In the very moment we turned our enemies into imagined demons, we turned ourselves demonic for real.

As bloody as our tribal way of life has been, if we focus only on the quantitative bottom line, namely the total number of humans populating the earth, it’s been a grand success. But our numbers have not just soared, they’ve mushroomed out of control, changing the rules of the game we’re in. Actually reversing the rules. What we’ve done in the past is exactly the wrong thing to do going forward. From now on, we need to identify with our species first, not our tribe. We need to be trans-tribal. That’s what we need, but what have we got?

Paranoia.

It’s inherent in our tribalism. If we believe that only the people in our own tribe are trustworthy, that means every other person in every other tribe is to be feared. This was bad enough in our hunter-gatherer days, when our worlds were smaller and we were only in contact with a limited number of other tribes. But now we’re in contact with a global population of billions. If, apart from our own group, however we define that, everybody else on the face of the earth is our enemy, either currently or potentially in the future, that’s a whole hell of a lot of people. And if enemies and possible enemies make up the great, great majority of our species, why would we fight to save it?

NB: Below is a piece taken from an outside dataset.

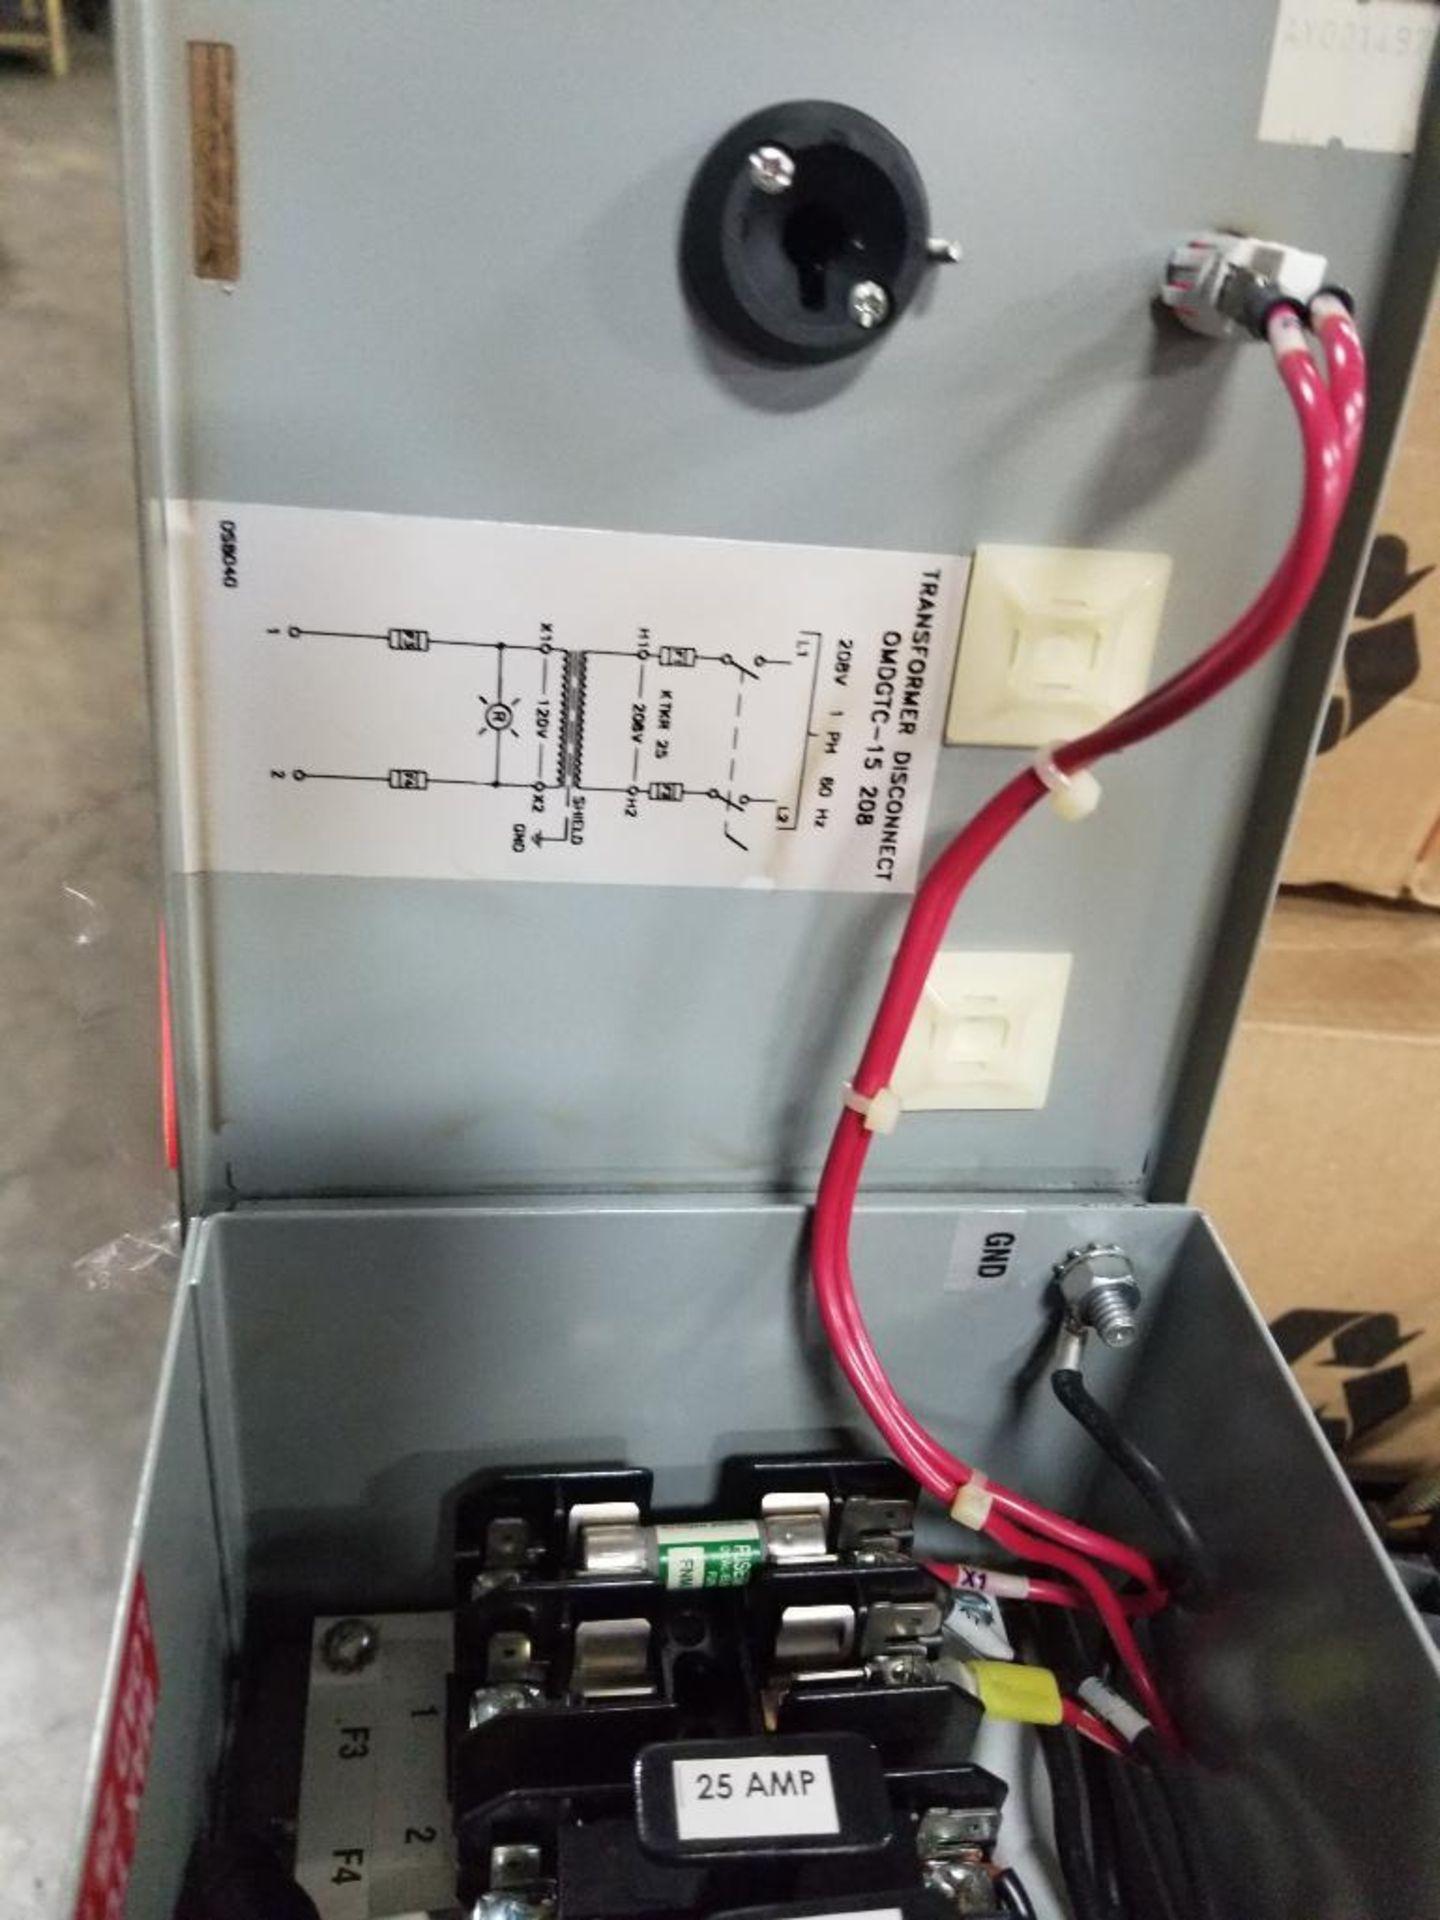 Daykin OMDGTC-15 208V Transformer. - Image 6 of 7

We need to flip our script and take a revolutionary leap forward and become species-oriented. But instead, what’s the strategy we’re following?

Regression.

When we feel threatened, our first impulse is to retreat even deeper into our tribal fiction, because it feels like security, it feels like home. The idea of a trans-tribal society is a pale, intellectual vision, while tribalism is a vivid, visceral compulsion rooted deep in our genes. Which means we’ll never fight for our species in the same fiercely instinctive way we fight for our tribes.

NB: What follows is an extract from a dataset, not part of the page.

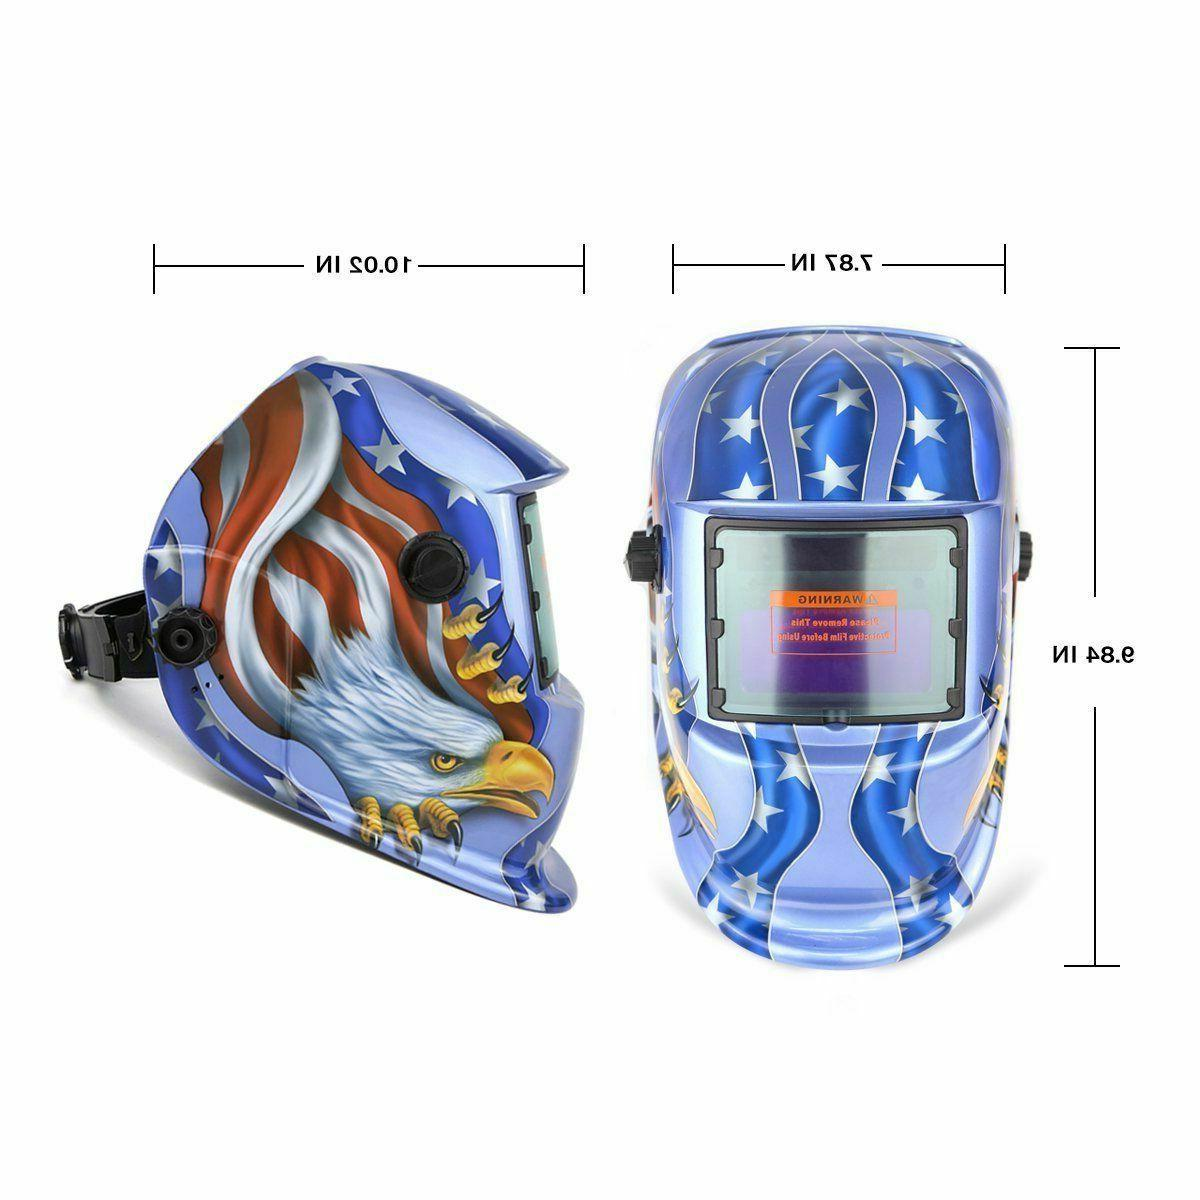 DEKO Solar Welding Helmet Tig Arc Mask Grinding Mask

And regression answers the puzzle of why large numbers of people are able to vote eagerly against their own best interests. And why they’ll stick with a political leader who pushes policies that make them poorer and make their lives harder. And why they remain desperately loyal to leaders who hurt them. It’s not stupidity. There’s a simple rule at play: When you get scared, go more tribal. Obey the ancient drive to belong no matter what you have to sacrifice to do that.

So we’re set up for defeat. And by what?

A paradox.

Belonging to our tribe is more important to us than survival, because for most of our history, tribal belonging has been the first requirement for survival.

What feels best to us is now what’s worst for us. If we indulge ourselves in unrestrained tribalism, which is built into our DNA, and which has been the key to our survival, our species will die—and every last one of our tribes with it.

The pain of facing extinction is too much for most people, so it’s no wonder our mass societies are slipping their moorings from real reality to an astonishing degree. Our tribal psyches, despite the hopeful brilliance of our big brains, are quite capable of trapping us inside a dumbed-down, dangerously explosive, self-defeating fiction. Our psyches are capable of walling us off from the truth, and doing so with the kind of denial that’s so adamantine it can withstand pretty much any attempt by anybody to break through.

And maybe it feels like we’ve only recently made a sudden shift into a post-fact era, but our tribes have been living inside fictions for millennia. And it’s long been the case in human society that a lie counts as the truth if we need it to make our tribal story work. It doesn’t matter if we know we’re telling ourselves a lie. It doesn’t matter if our whole story is a lie. It doesn’t matter if that story is self-destructive. If we believe we need it, if we believe it to be our salvation, we’ll grab it and hold onto it, ardently, doggedly, grimly, until it kills us.

And so it’s come to this: Our tribal stories now have the power to incinerate our species—a species we all belong to but have never really bonded with.